Just last year, the BBC reported on patients from India's lowest caste being placed in drug trials without their informed consent. For a deeply divided country, being of the lowest caste and given medical treatment is an honor, one not to be questioned. The power of the white coat, the elevated role of the doctor throughout the world as a demi-God who has the power to save lives, is one that is being taken advantage of in India where doctors enroll their trusting and often uneducated patients in risky drug trials, at a profit of course. These trials led to 438 deaths in 2011 alone. This kind of misinformation will not show up in the data released by GSK.
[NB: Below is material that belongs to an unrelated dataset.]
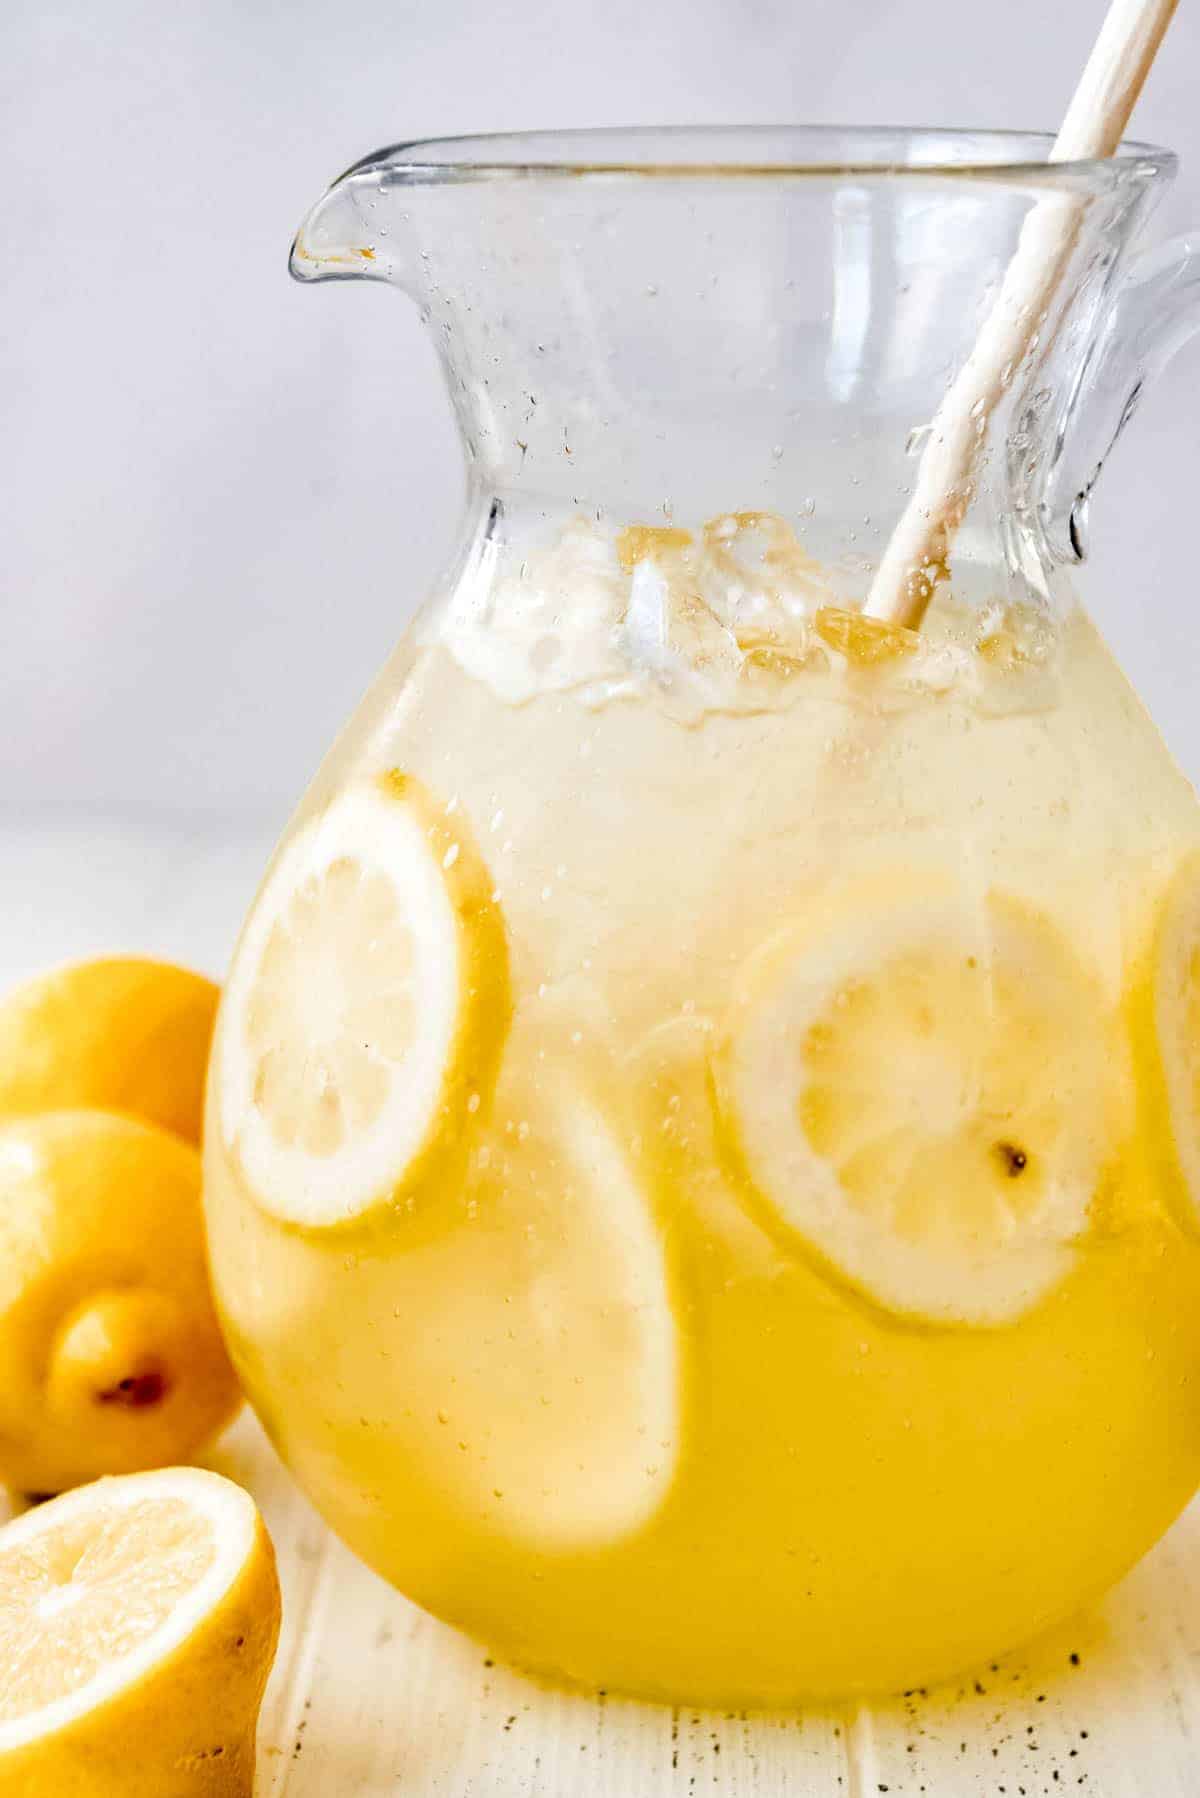 a close image of a glass pitcher filled with ice, sliced lemons, and lemonade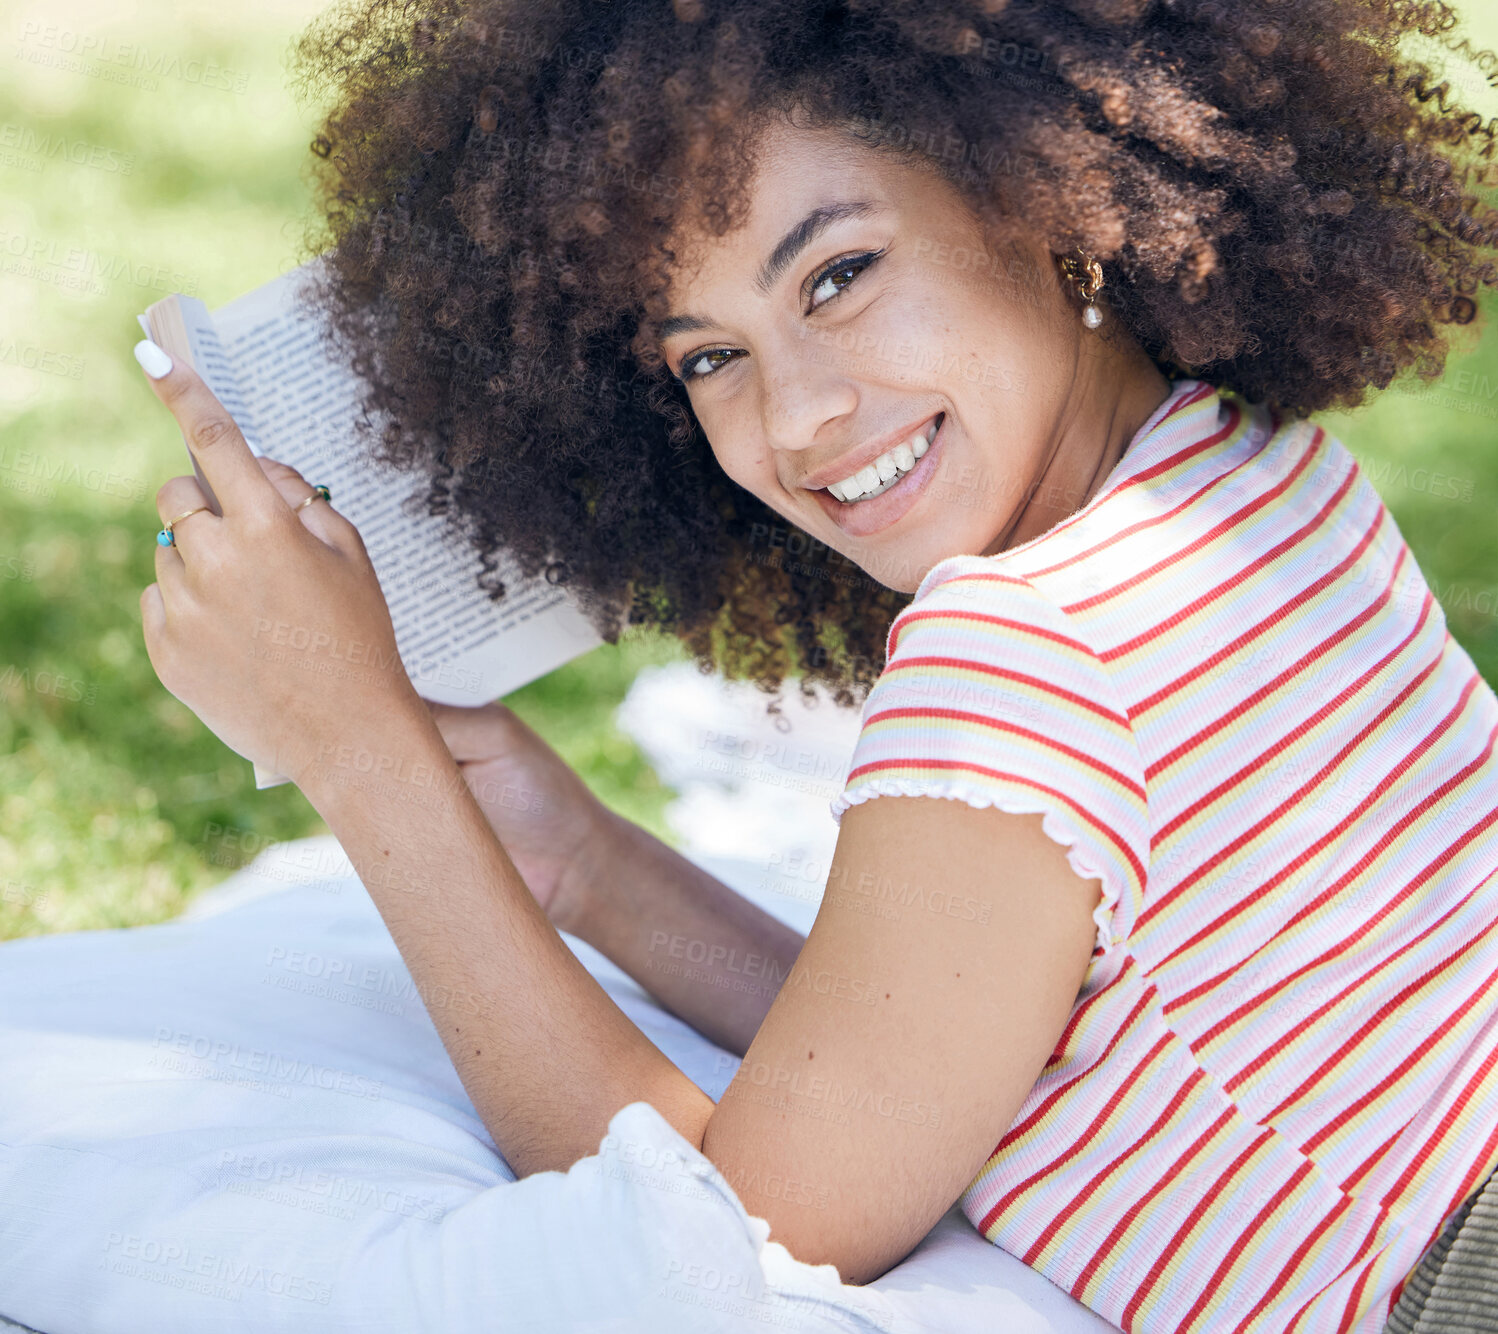 Buy stock photo Smile with book, reading and black woman in the park for a picnic with a blanket outdoors in nature portrait. Happy, young person relaxing and hobbies, learning on a break on the weekend in spring.

While ethics boards exist  to investigate and expose the ethical misconduct at play in clinical research in the developing world, accountability is difficult as many research endeavors involve pharmaceutical research firms teaming up to carry out trials. This makes it difficult to pin down the perpetrator for any kind of retribution. Even if the finger of blame could be pointed at one firm, whose finger would it be? For wronged research subjects in African villages or Indian slums, retribution seems unattainable. Reporting the wrongdoings of a multinational company to your local police station in the depths of Uganda doesn't achieve a whole lot. Even when it is possible, monetary compensation would be a pittance relative to the money being made by the world's largest pharmaceutical companies.

These things considered, the win-win of pharmaceutical firms targeting developing countries looks more like a zero-sum game.